The establishment of excitatory and inhibitory engrams during fear conditioning has theoretical underpinnings in opponent-process theory [42]. Our results suggest that during fear conditioning, the IL encodes a process that opposes the aversive properties of the US. Although there are very few studies on the contribution of opponent processes to fear conditioning, Fanselow & Tighe (1988) suggested that an inhibitory opponent process defines the effective inter-trial interval in contextual conditioning [43]. Inhibitory engrams encoding opponent processes experienced during fear conditioning may have adaptive value by priming the network for future memory updating. However, it is important to note that the formation of inhibitory memories in the IL during fear memory consolidation remains speculative. Clearly, IL stimulation at multiple time-points after fear conditioning can reduce freezing during both extinction and extinction retrieval; this effect depends on protein synthesis soon after conditioning. However, future studies using either longitudinal physiological recordings or engram labelling techniques are necessary to establish whether these effects derive from inhibitory IL ensembles or whether they result from the disruption of an excitatory memory in the IL that promotes fear.

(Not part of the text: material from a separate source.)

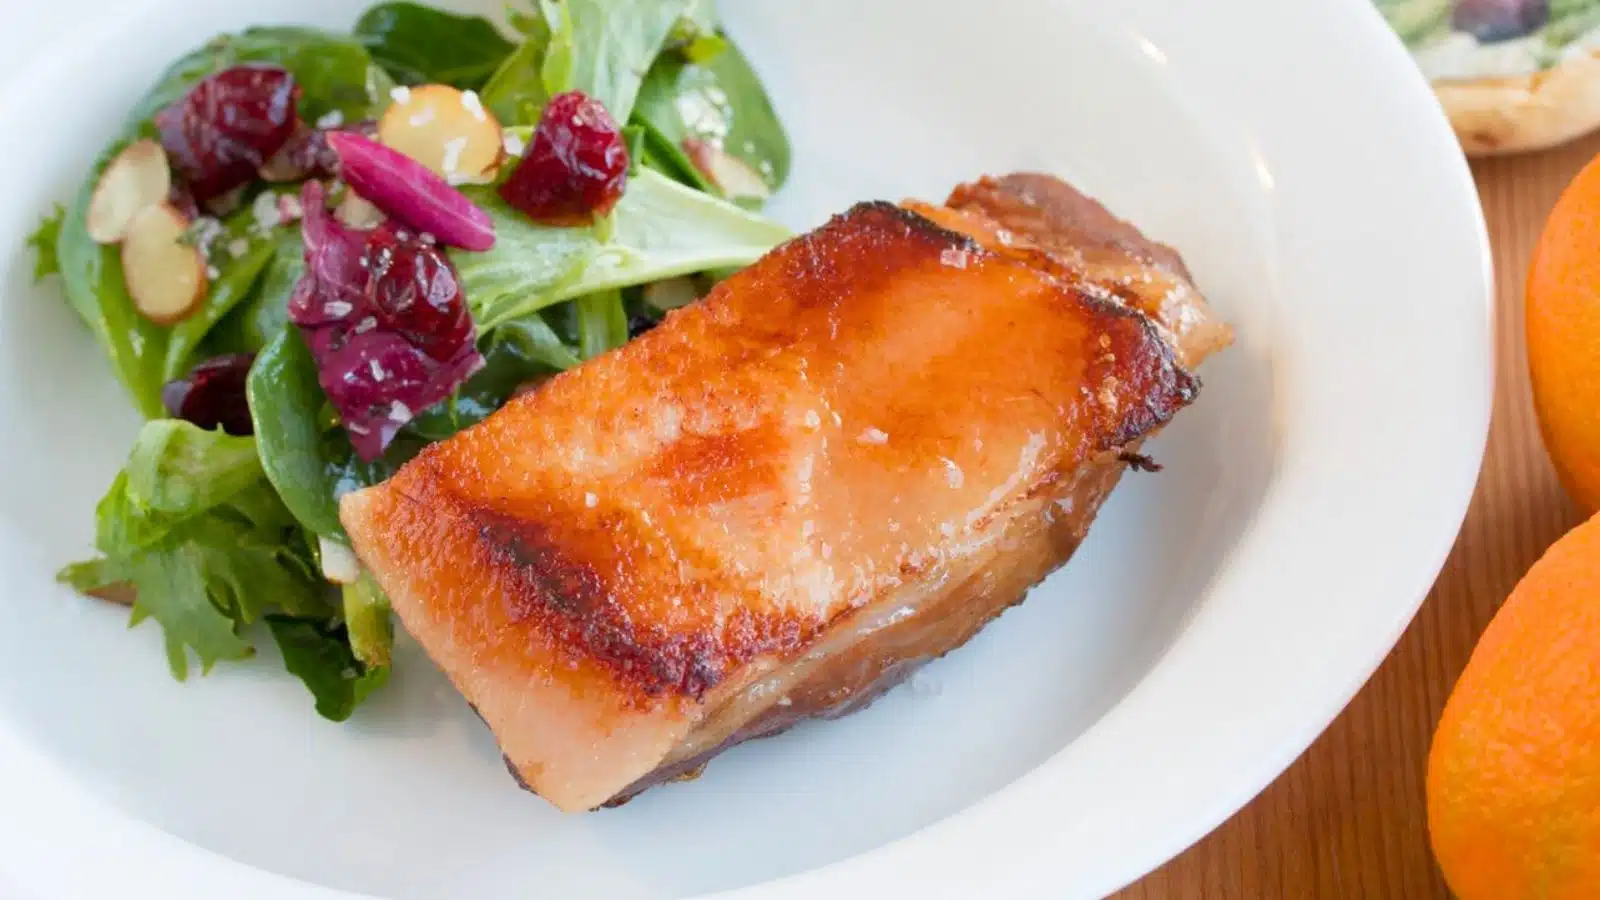 pork belly with a sauce on a white plate with a salad

The observation that intra-IL picrotoxin or BDNF injections [44] facilitate extinction when injected two weeks after fear conditioning is intriguing and demands further investigation. Interestingly, Peters and colleagues (2010) found that when the BDNF injections were performed 24 h before conditioning, there was no effect of the drug [24]. This indicates that whatever the mechanism supporting fear suppression, it depends on fear conditioning. Our current understanding of cellular memory consolidation does not explain how memory becomes susceptible to pharmacological stimulation two weeks after it is acquired. One possibility is that the drug administration procedures (handling and transport) reactivate the fear memory and render it susceptible to disruption by impairing reconsolidation [45]. However, this is unlikely, because IL inactivation after fear memory reactivation has no effect on memory reconsolidation [46]. An alternative interpretation is that PIC infusions produce a general disinhibition in the IL, which disrupts the inhibitory memory formed during or soon after conditioning. Additional work is required to explore this possibility using other IL-related tasks that require behavioral flexibility, such as reversal learning.

In sum, our work suggests that the IL encodes an inhibitory memory during the consolidation of excitatory auditory fear conditioning. This inhibitory trace opposes fear and is promotes the subsequent extinction of fear. Future studies employing engram-tagging techniques are necessary to understand the nature and function of the inhibitory engram encoded in the IL during fear memory consolidation.